International employers with New Zealand based employees are now more likely to be able to enforce their choice of foreign law in employment agreements should an issue arise.
The Court of Appeal recently overturned an Employment Court judgment, which had applied New Zealand employment legislation despite the employment agreement specifying that Hong Kong law was to apply (New Zealand Basing Limited v Brown  NZCA 525).
The case involved New Zealand based pilots employed by a Hong Kong owned airline. Their employment agreements provided that Hong Kong law was to apply to the pilots’ conditions of service (in this case, the issue was the pilots’ retirement age of 55). A key issue was whether the laws of Hong Kong or New Zealand applied. The compulsory retirement age was lawful under Hong Kong law, but in New Zealand the compulsory retirement age would not be lawful. Also considered in this case, were some specific factors around the choice of these conditions being offered to the pilots when the employment agreements were negotiated at the outset.

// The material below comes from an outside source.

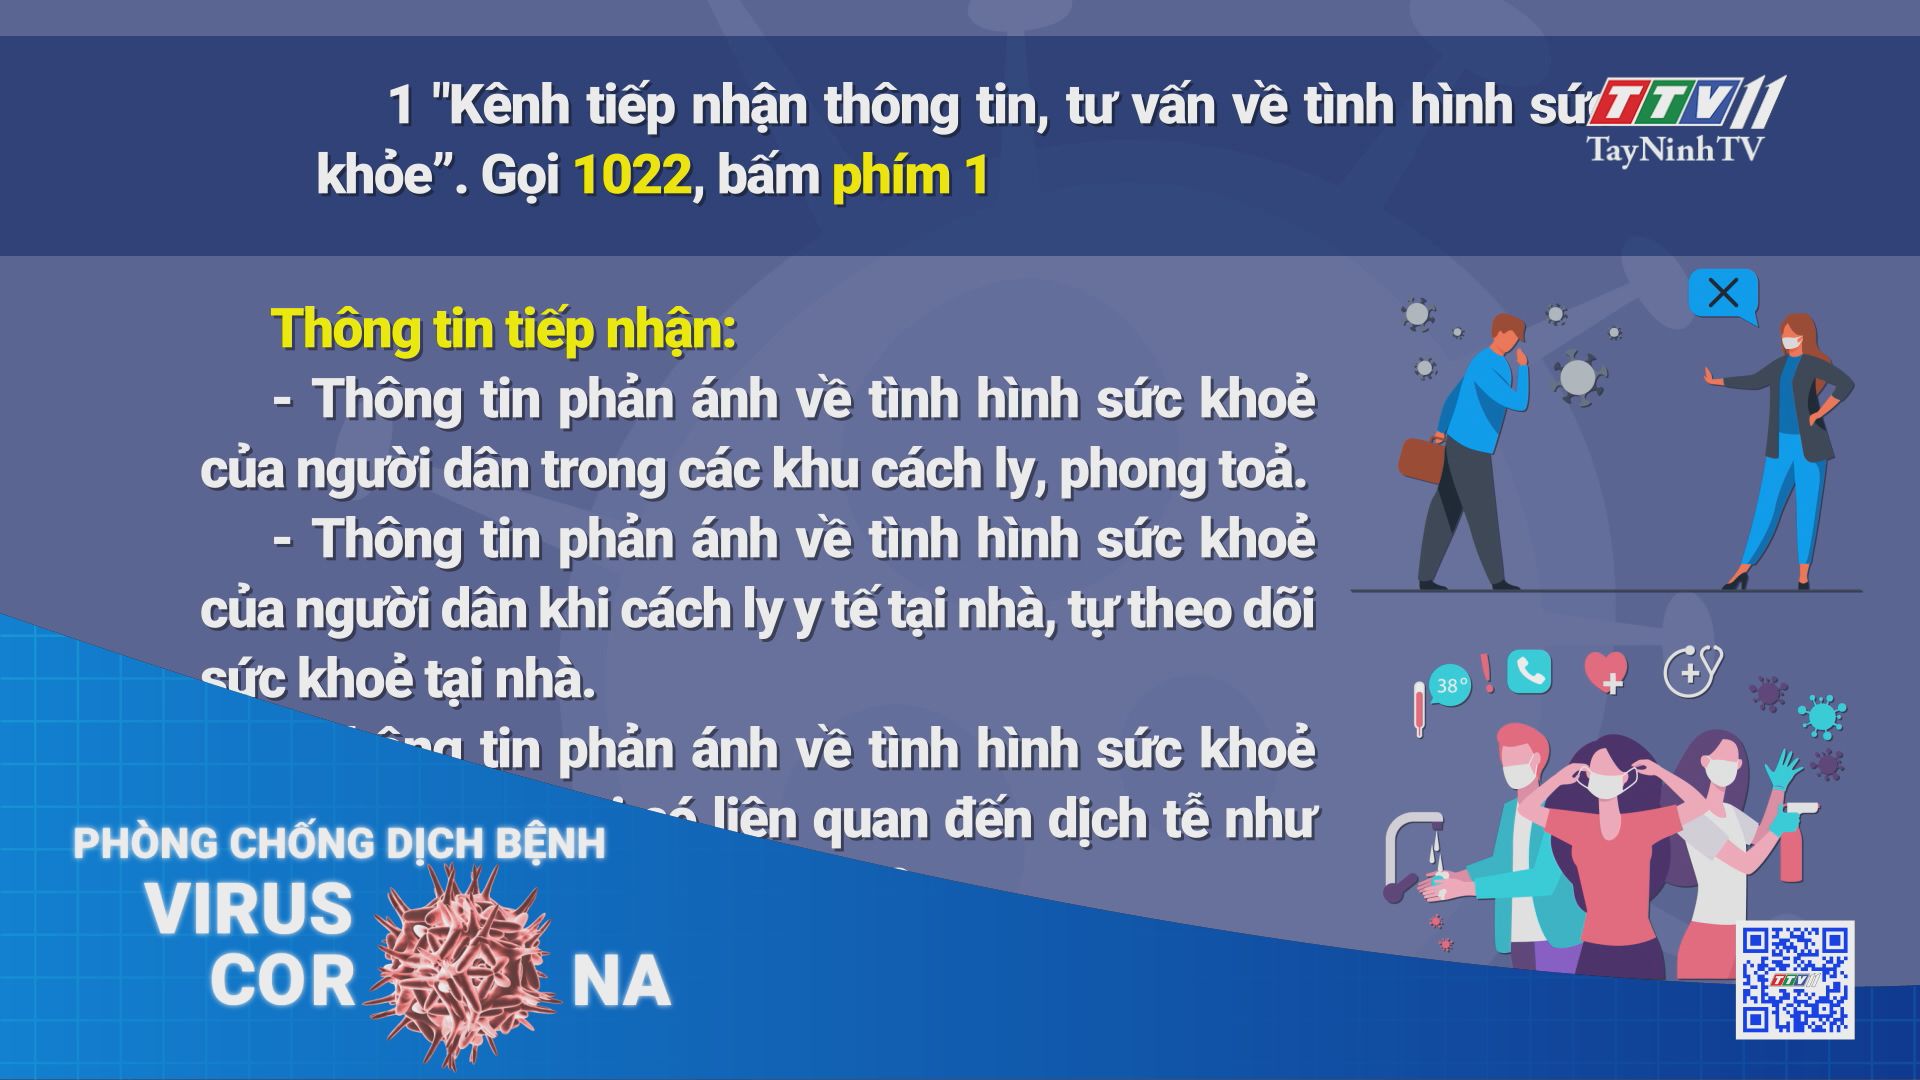 Triển khai kênh tiếp nhận phản ánh về tình hình dịch bệnh Covid-19 trên Tổng đài 1022 tỉnh Tây Ninh | THÔNG TIN DỊCH COVID-19 | TayNinhTV

The Employment Court found that New Zealand employment law should apply as the pilots were based in New Zealand. The Court of Appeal overturned that decision and found that the correct approach was to consider the express specification of Hong Kong law as the relevant law and then to assess whether conflict of law exceptions applied.
Despite the above judgment, employers still need to ensure that the choice of law provision specifies a law that is connected to the employment relationship or provides some benefits to the employee to offset any loss of protection that the employee would otherwise receive under New Zealand employment legislation.